以上のようにステップを踏んで進めれば、社内ポータルサイトのデザインは社員に寄り添った形で徐々に変化させていくことが可能です。なお、段階的改善を成功させるためには初期段階でポータル運用の体制と目的を明確化しておくことが不可欠です。運用開始後に誰がどのようにコンテンツを更新し、改善提案を取りまとめるのか、社内で責任者やワーキンググループを定めておきましょう 。これを怠ると目的がブレたり改善が属人的になったりして、前述のような導入失敗(3年以内に利用されなくなる)につながりかねません。デザインと運用は車の両輪であり、両者を計画的に設計することで社内ポータルは進化し続けるのです。
社内ポータルサイトのデザインの参考例
社内ポータルサイトのデザインを考える際、実際の事例を見るとより具体的なイメージが湧きます。ここでは社内ポータル導入によって得られた成功例をいくつか紹介します。

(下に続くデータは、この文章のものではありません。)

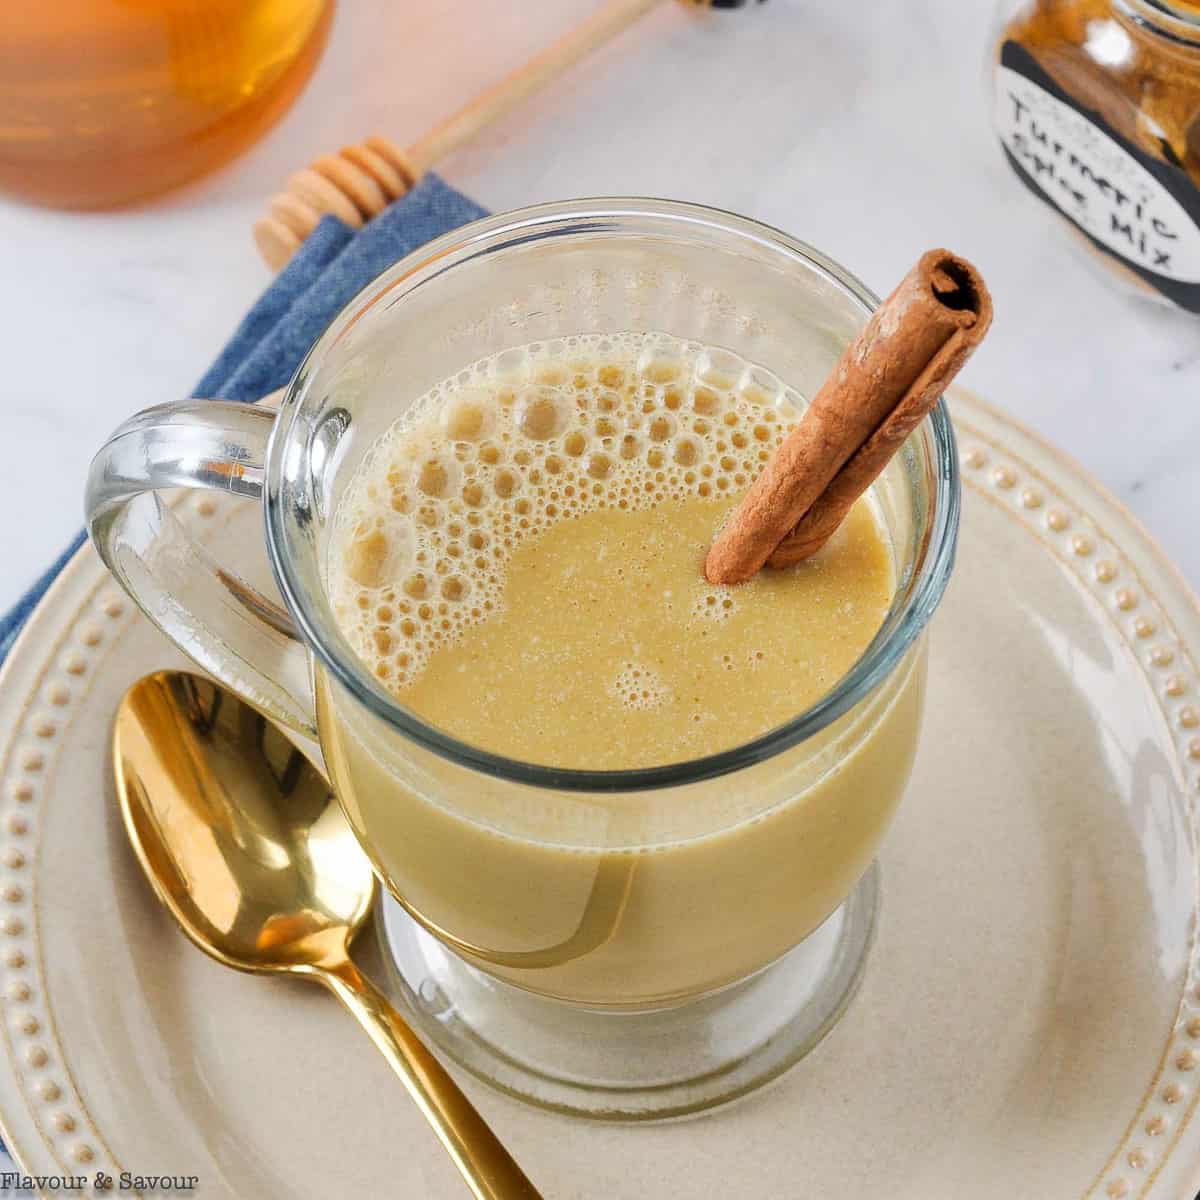 Overhead view of a mug of warm turmeric cinnamon milk with a cinnamon stick.

たとえば、ある企業では社内のあちこちに点在していたデータやツール類を整理し、すべてを社内ポータルサイトからアクセスできるよう統合 しました。従来は勤怠入力や経費精算など各システムに別々にログインする必要があり社員から不便との声が上がっていましたが、ポータルひとつ開けば各種システムにシングルサインオンで入れるようにしたことで、「業務開始時にまずポータルを開けばよい状態」を実現 しました。情報を探し回る時間が大幅に短縮され、とくに新人社員の立ち上がりが早くなったとのことです。

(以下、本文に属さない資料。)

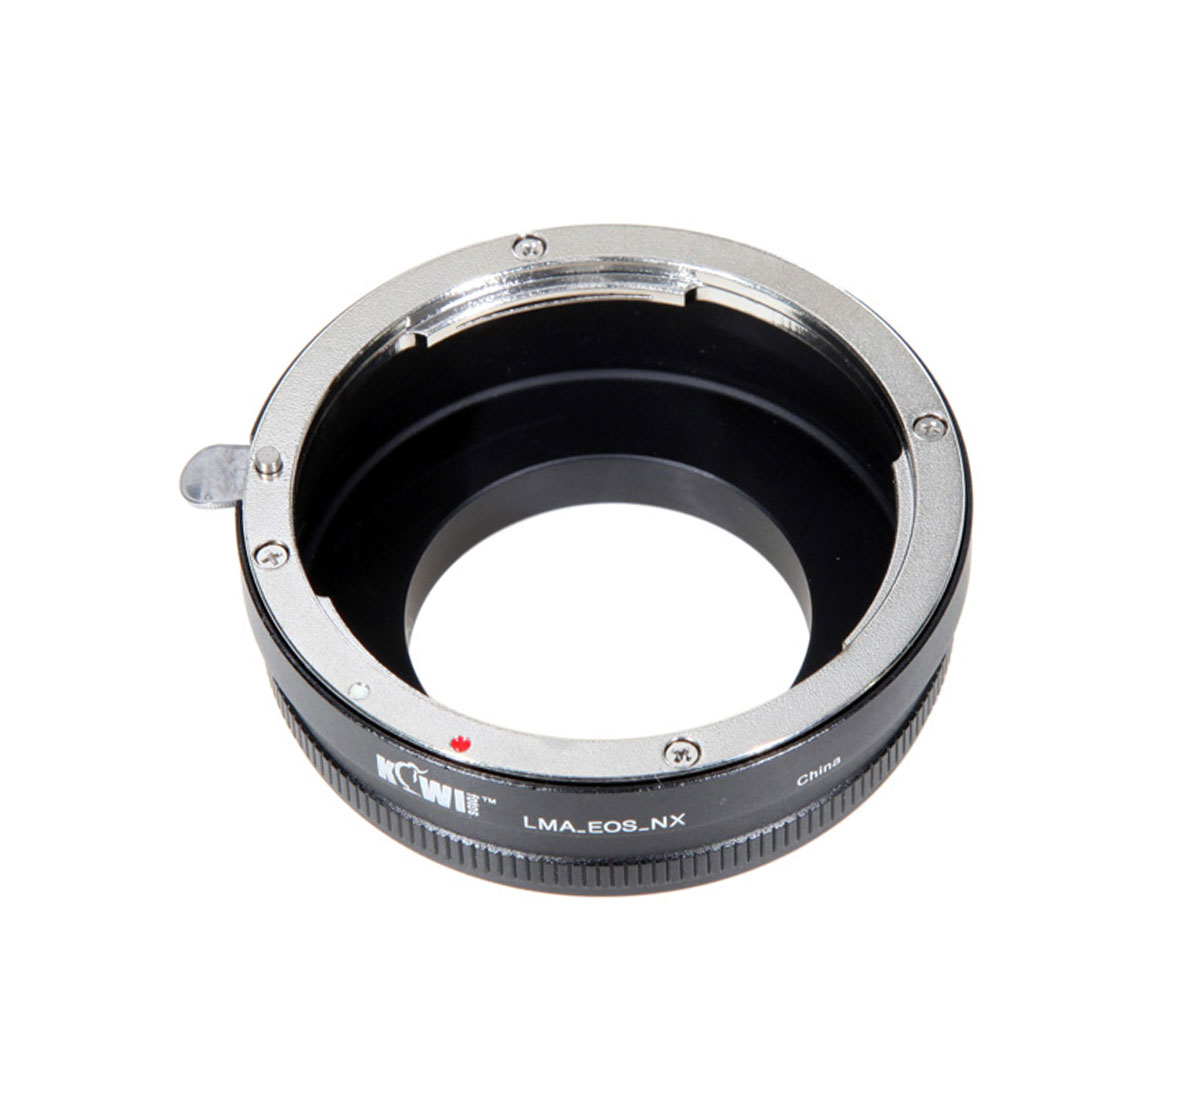 Objektivadapter für Canon EF Objektive an Samsung NX Kameras

また、営業力強化と顧客満足度向上が課題だった別の会社では、新たに社内ポータルサイトを立ち上げ全社のコミュニケーションをそこで行えるようにしました。部署間の情報共有が活性化し、顧客対応に必要な知見が速やかに共有されるようになった結果、売上と顧客満足度双方の指標が向上した と報告されています。
まとめ
社内ポータルサイトは、社内の情報共有とコミュニケーションを支える重要なプラットフォームです。社員にとって使いやすいサイトを作るために、コンテンツ配置やUI設計の工夫を重ね、従業員に最適な情報設計になっているかを常に意識してUX/UIを向上させていく必要があります。もし既存の社内ポータルサイトをリニューアルする場合には、社員にとっての目的と価値を明確に示しつつ、抵抗感を招かない段階的な変更を心掛けることが重要です。適切な設計と運用のもと、使いやすい社内ポータルサイトを育てていけば、社内の情報流通が円滑化し、コミュニケーションが深まり、ひいては組織全体の力を高めていくことでしょう。
目的に沿ったデザイン改善と継続的な運用見直しによって社内ポータルの効果を最大化し、情報共有の基盤として定着させることが、これからの柔軟な働き方を支える鍵となります。組織のニーズに合わせて進化する社内ポータルサイトで、社員一人ひとりの生産性とエンゲージメントを高めていきましょう。